### Required work
An exact copy of the listing below is the answer, with the pictures removed.

### Exercise data
»»

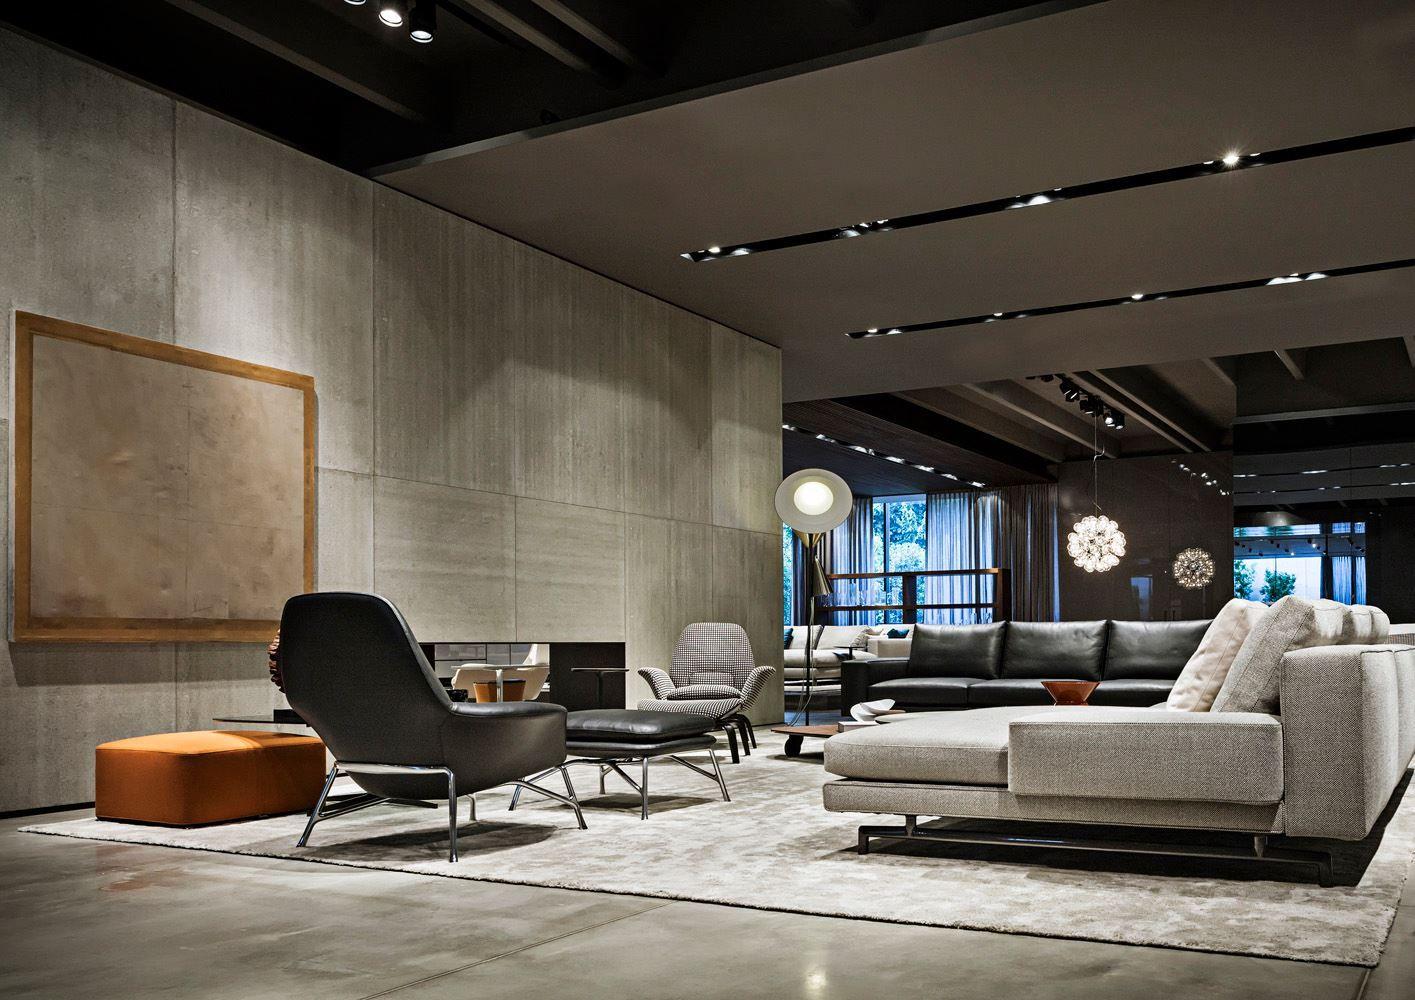 Spazio minotti dedece blog dedece blog 05a the mall pinterest blog interiors and for Living room furniture showrooms
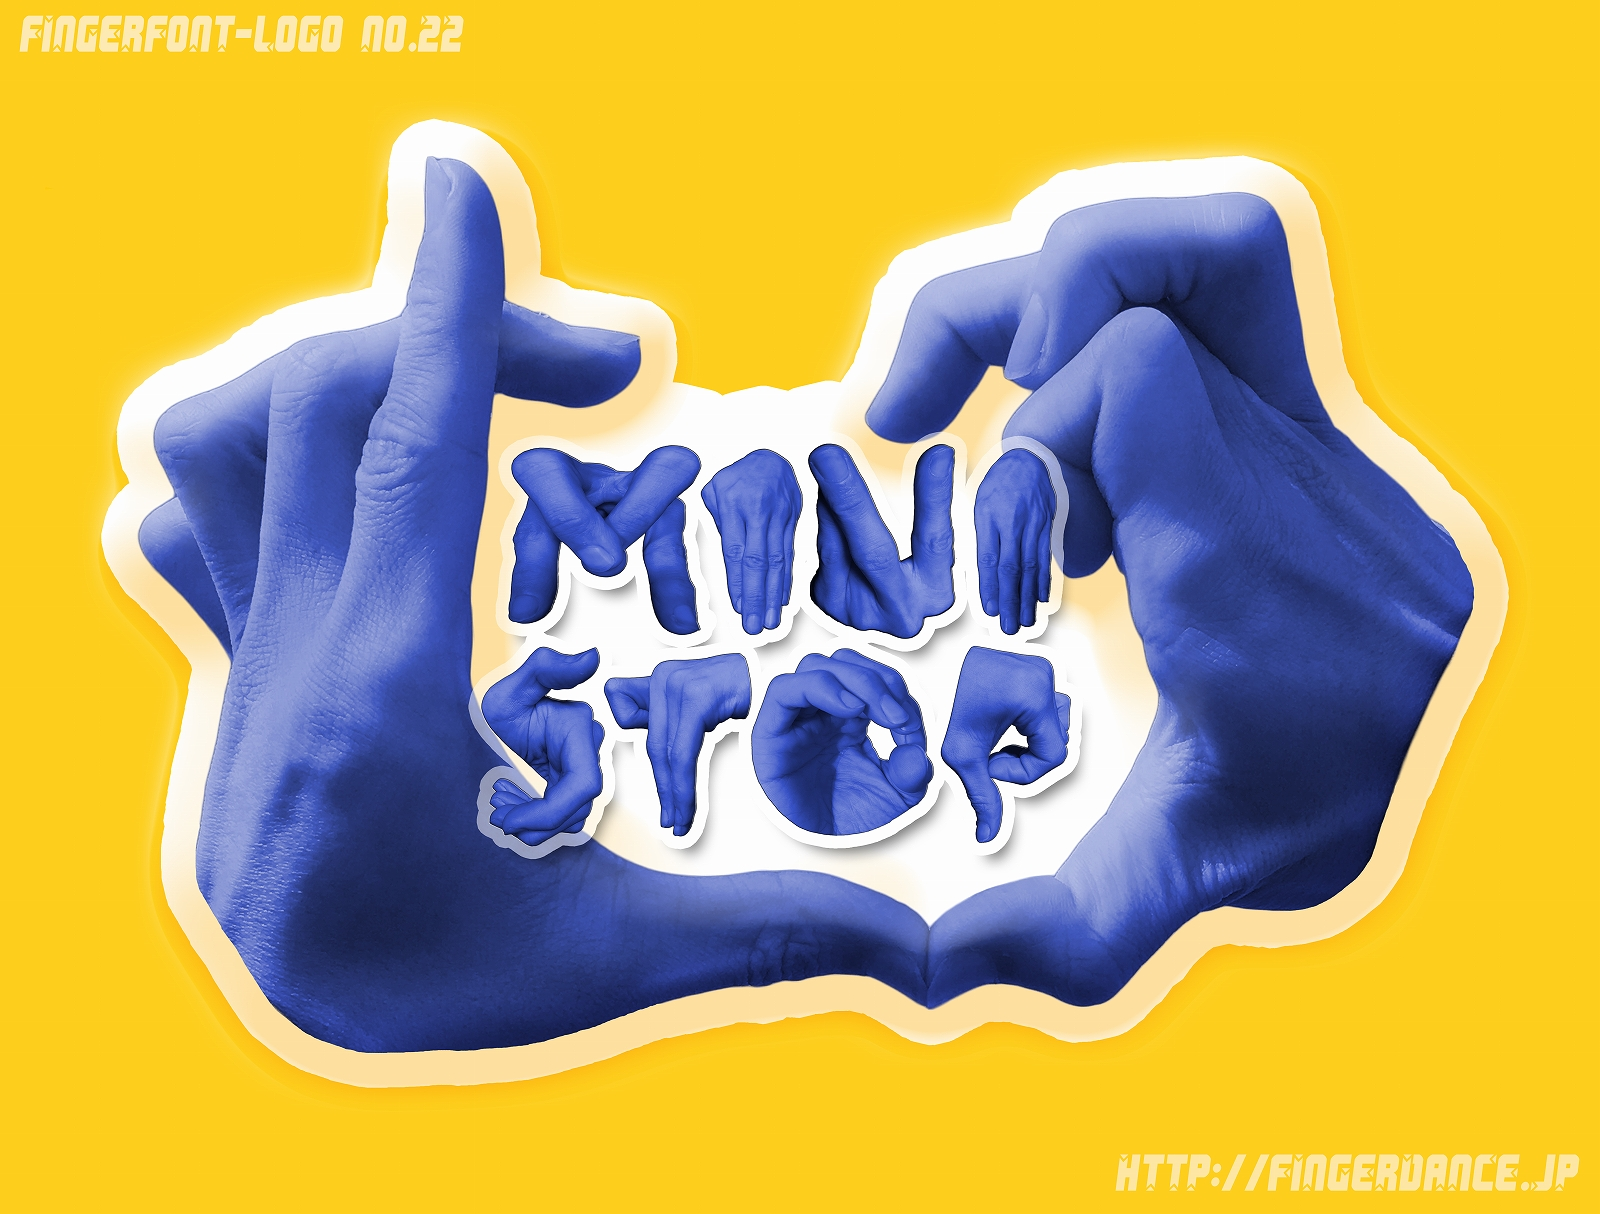 ministop-fingerhttp://fingerdance.jp/L/logohand ミニストップフィンガーロゴハンド手指
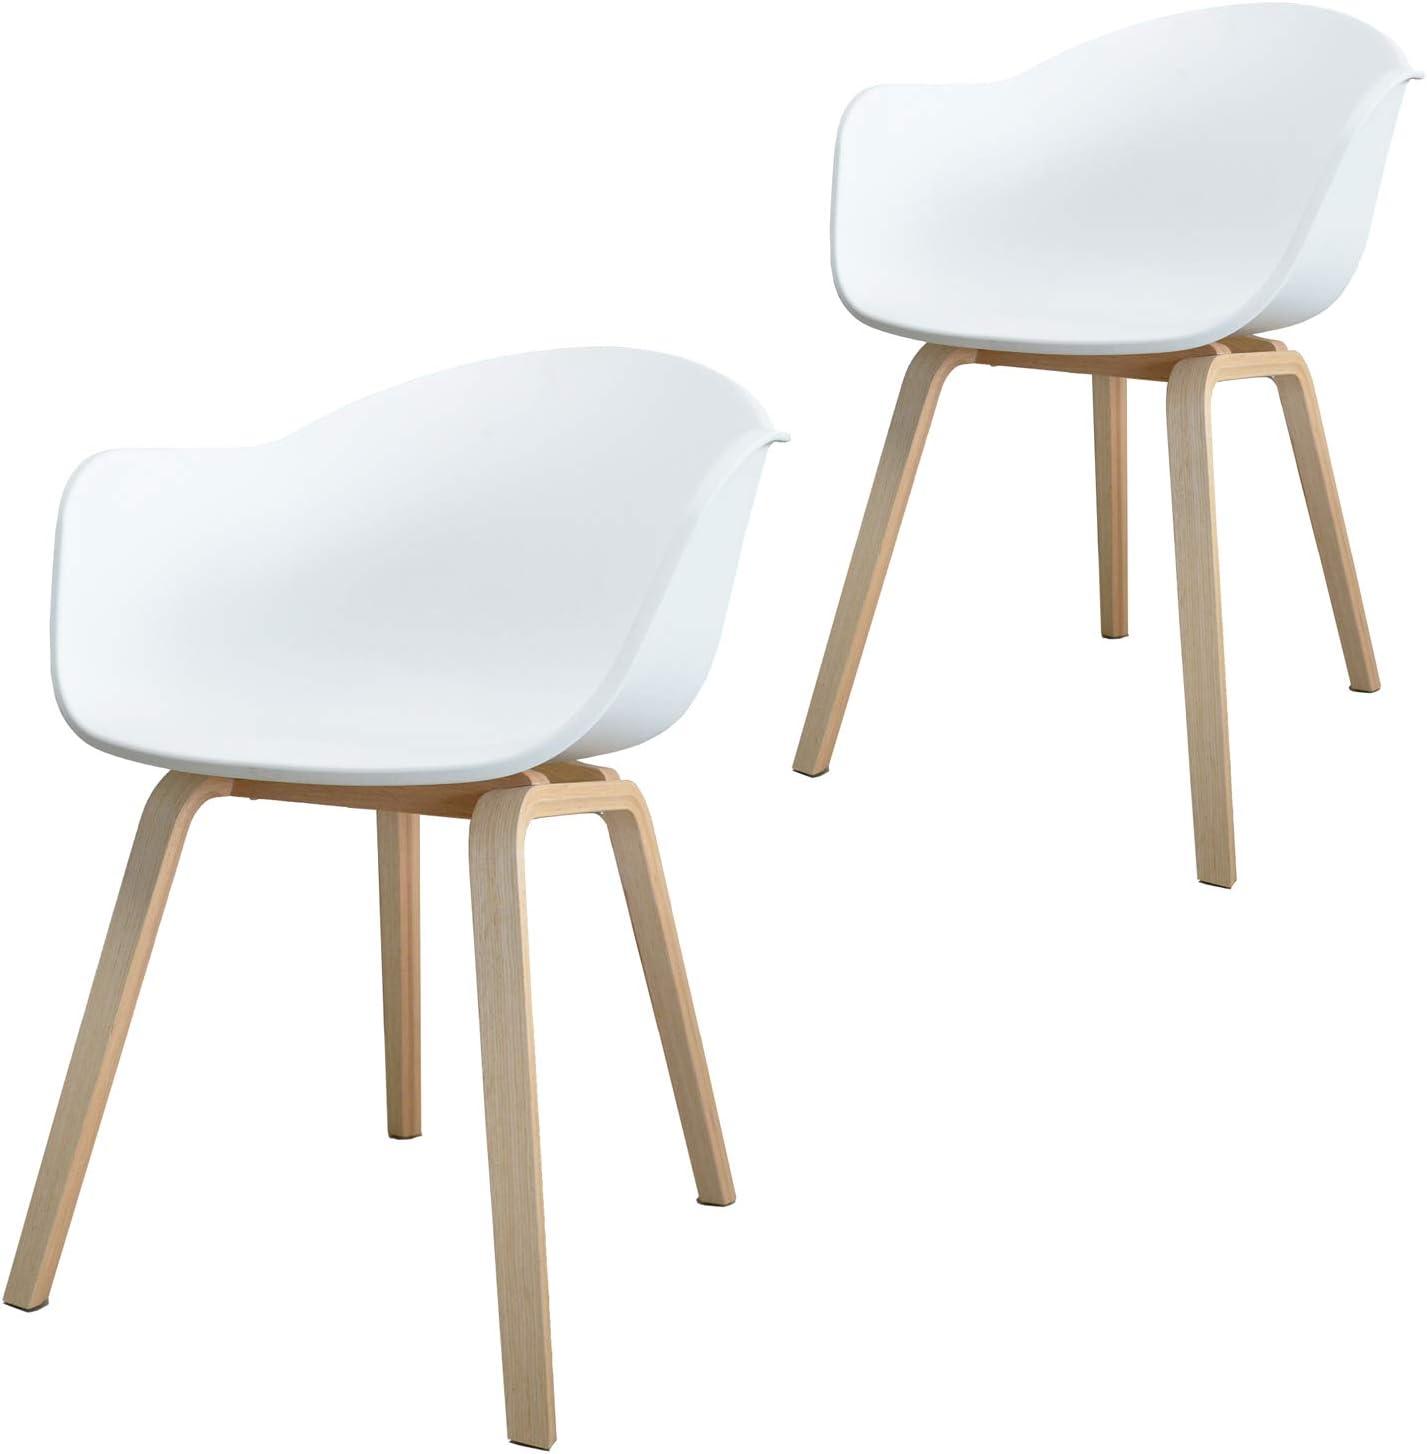 Damiware Romeo Lot de 2 chaises avec accoudoirs Tendance rétro Salle a Manger Blanches (Blanc)

««

### Task result
 Spazio minotti dedece blog dedece blog 05a the mall pinterest blog interiors and for Living room furniture showrooms
 ministop-fingerhttp://fingerdance.jp/L/logohand ミニストップフィンガーロゴハンド手指
 Damiware Romeo Lot de 2 chaises avec accoudoirs Tendance rétro Salle a Manger Blanches (Blanc)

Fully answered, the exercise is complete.